Menzionato per la prima volta in un documento datato 1579 (anche se altri sostengono risalga alla visita di Carlo Borromeo nel 1575), ha chiuso i battenti lo scorso anno, nonostante il reality Il Collegio a cui faceva da sfondo. «Era finita l’epoca d’oro di fine XIX secolo, quando sui colli di Caprino, immerso nel verde, esisteva un antesignano dei campus all’americana, dove vivevano e studiavano oltre mille giovani. A testimoniarlo rimangono decine di aule vuote, l’immensità di refettori, cucine, dormitori e cortili, impianti sportivi, teatro, biblioteca, un incredibile museo zoologico, una collezione di minerali e fossili, un laboratorio con strumenti scientifici e sul perimetro esterno le stalle e gli orti per sfamare quella cittadella dello studio, che annessa aveva anche una chiesetta con pala di Lorenzo Lotto». Il papa vi trascorse tra queste mura uno degli anni più duri della sua adolescenza.

 

Sant’Omobono Imagna
Madonna della Cornabusa

È forse il luogo più nuoto e riconducibile al papa, fuori Bergamo e Sotto il Monte, dato che vi era molto affezionato.

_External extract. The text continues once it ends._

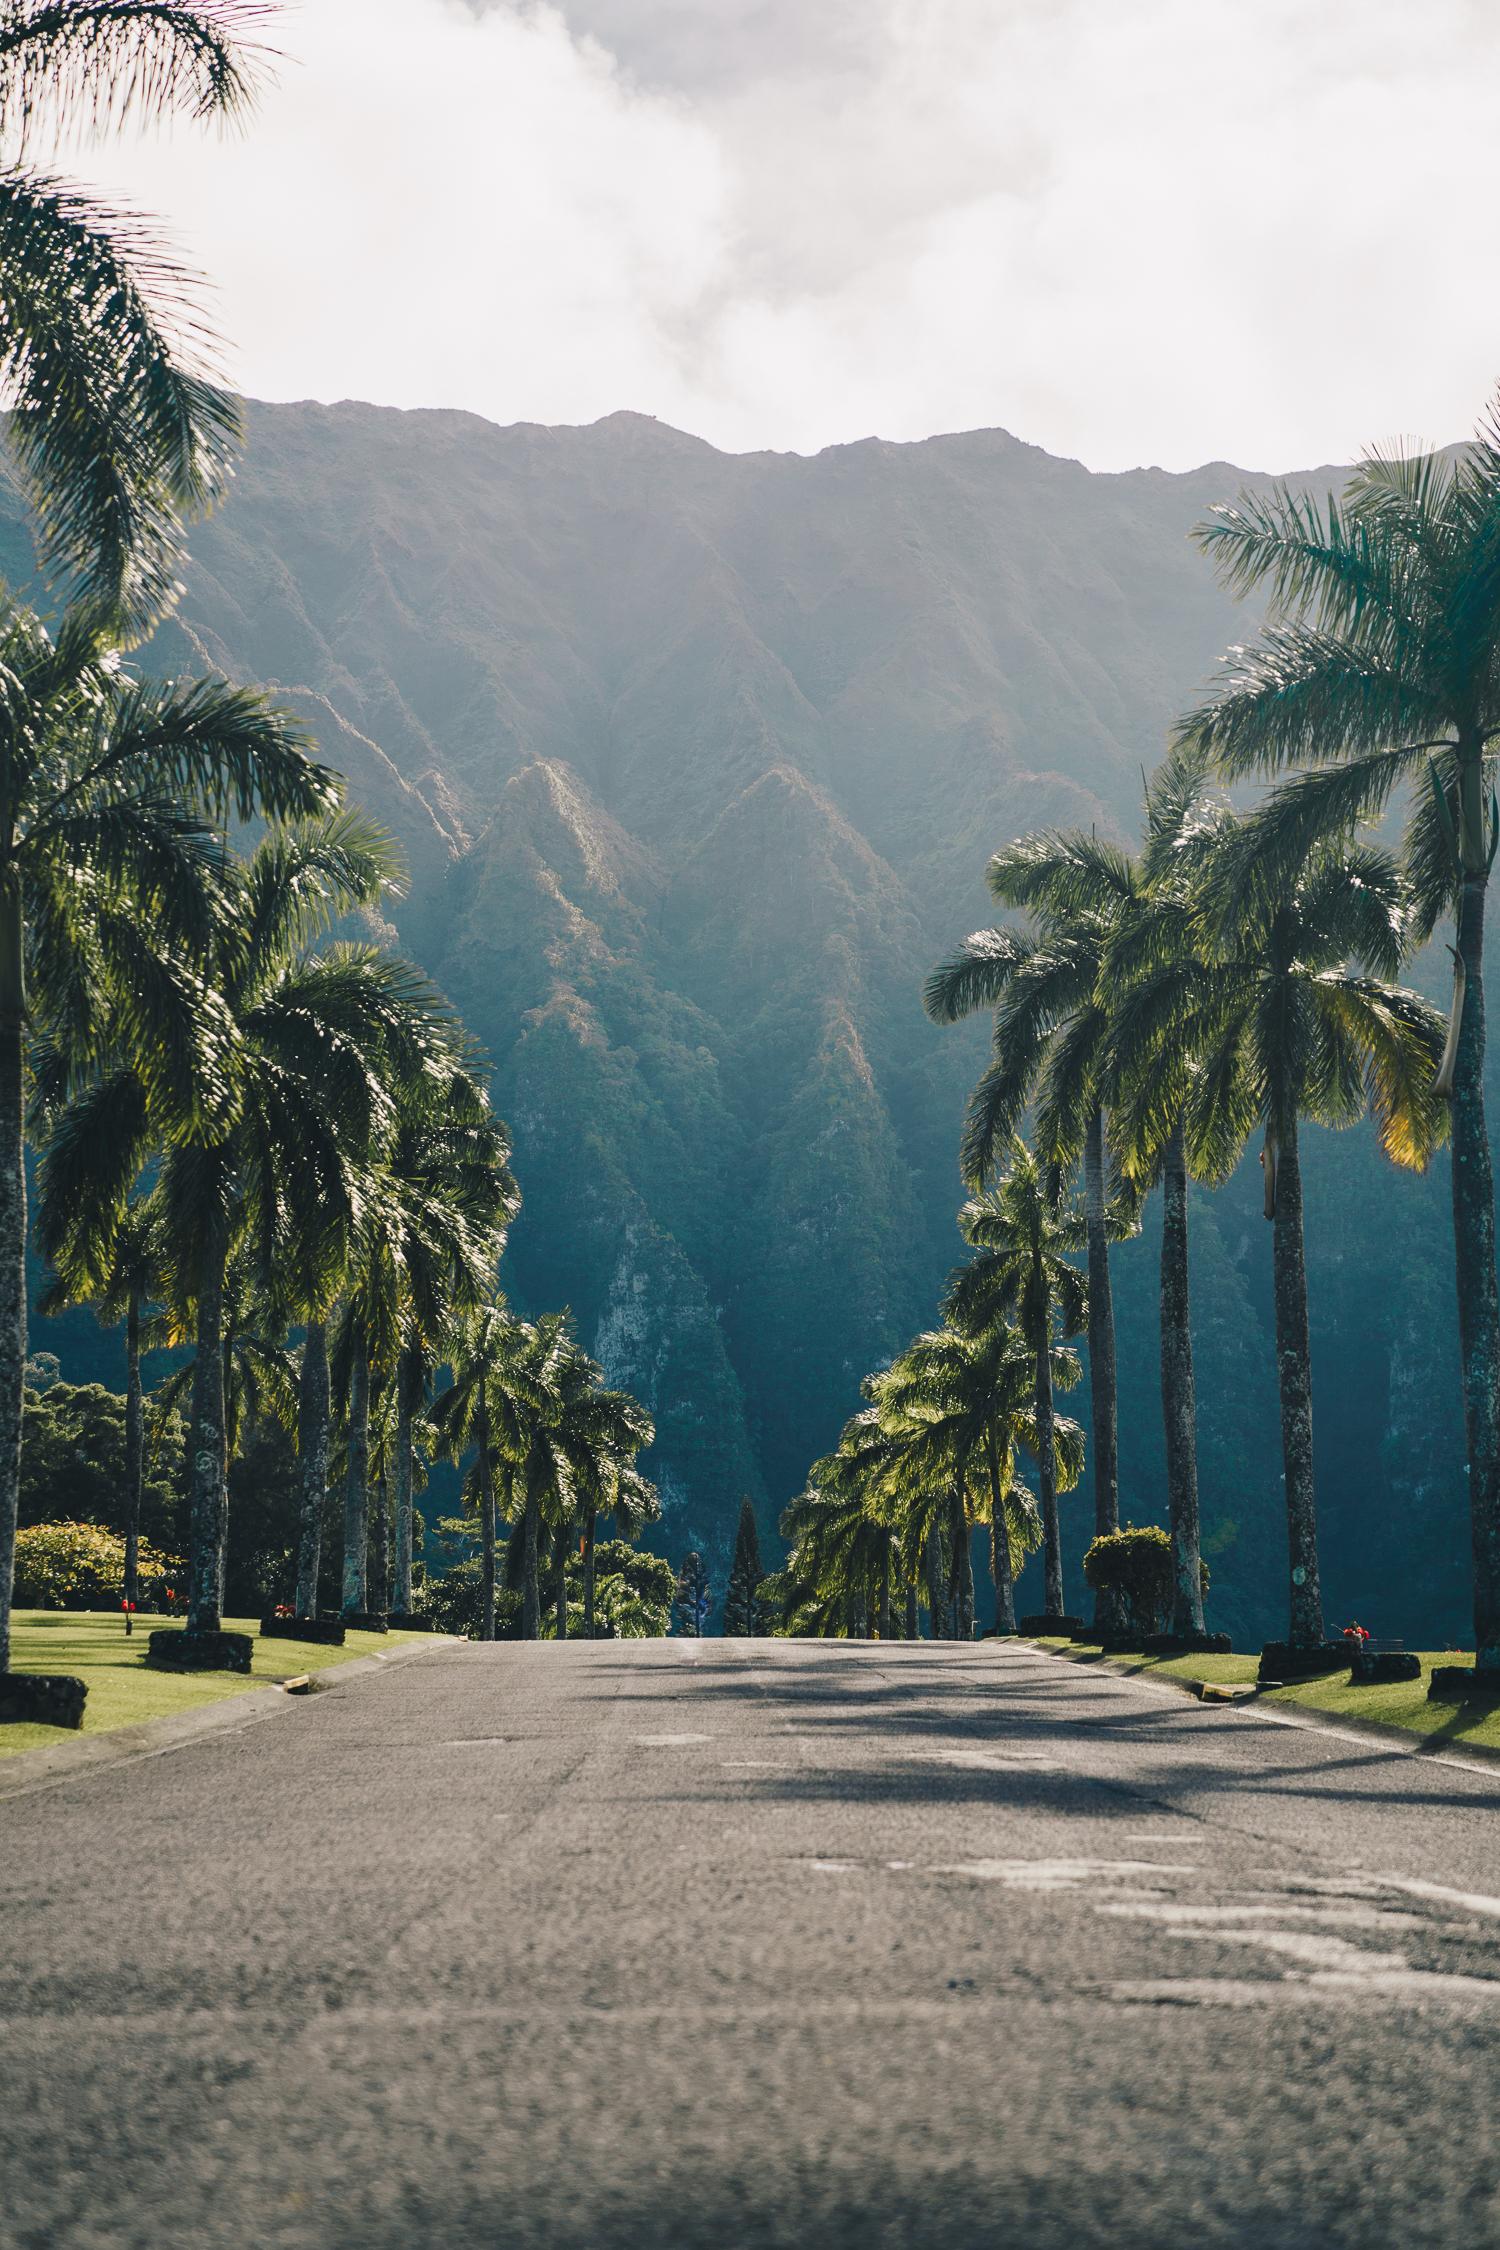 ¿Cuán costoso es? - Hawaii es un estado muy costoso. De acuerdo con la plataforma de alquiler de apartamentos Airbnb, el costo promedio de una propiedad por noche es de $170. El costo promedio por hotel por noche es de $264, según datos de 2017. Aunque existen hostales, los precios promedios de estos pueden ascender entre $39 y $90 por noche.

Ricavato all’interno di una grotta naturale, custodisce una miracolosa statua lignea quattrocentesca della Vergine, attorniata da tantissimi ex voto, tra cui si fa largo una lapide che ricorda l’ultima visita del futuro papa, proprio nel 1958, a due mesi dall’elezione al soglio pontificio.

 

Imbersago
Santuario della Madonna del Bosco

Il santuario ricorda l’apparizione della Madonna a tre pastorelli avvenuta il 9 maggio 1617. Il miracolo venne avvallato per il fatto che dagli alberi di castagno, presso cui i piccoli stavano pascolando il gregge di pecore, caddero grosse castagne mature pur essendo solo maggio e non ancora autunno. Nel 1958 Papa Giovanni elevò il santuario a basilica romana e nel 1962 fu realizzato un monumento al quale si accede anche dai gradini di una “scala santa”.